Limits and Selective Effects

The extract did not act as a broad‑spectrum natural antibiotic. In petri dish tests, it moderately slowed the growth of two common bacteria, Escherichia coli and Staphylococcus aureus, but had no measurable effect on another tough bacterium, Pseudomonas aeruginosa, or on yeast species such as Candida. Even among human cells, the effects were not uniform: lung and aggressive breast cancer cells were especially sensitive, while normal lung cells were affected to a lesser, though still noticeable, degree. This pattern hints at some selectivity for tumor cells but also underscores that the extract is far from harmless and cannot be assumed safe or effective in people without careful testing.
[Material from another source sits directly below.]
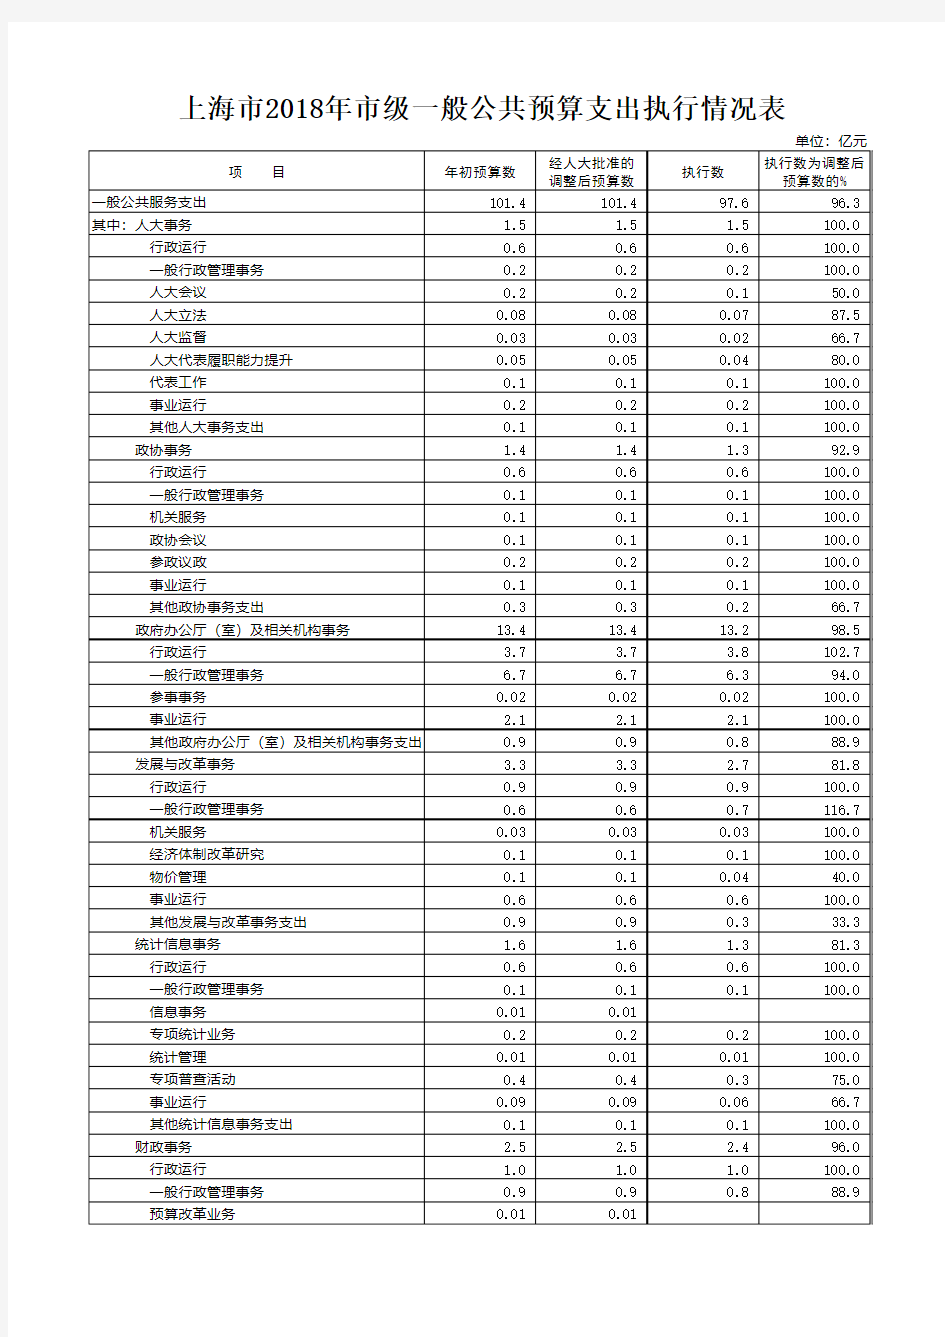 上海市2018年市级一般公共预算支出执行情况表

What This Means for Future Treatments

Overall, the study paints St. John’s wort as a chemically rich plant whose extract strongly mops up damaging radicals, can kill or stall cancer cells in controlled lab experiments, and shows modest activity against certain bacteria. For lay readers, the key message is that this familiar herb holds ingredients with real biological punch, but that does not mean a cup of tea or a supplement is a cancer cure. The promising anticancer signs seen here come from concentrated, well‑defined extracts tested on cells in dishes, not in patients. The authors stress that much more work—especially animal studies, safety assessments, and trials that isolate individual compounds—is needed before any of these findings could translate into new medicines or safe complementary treatments.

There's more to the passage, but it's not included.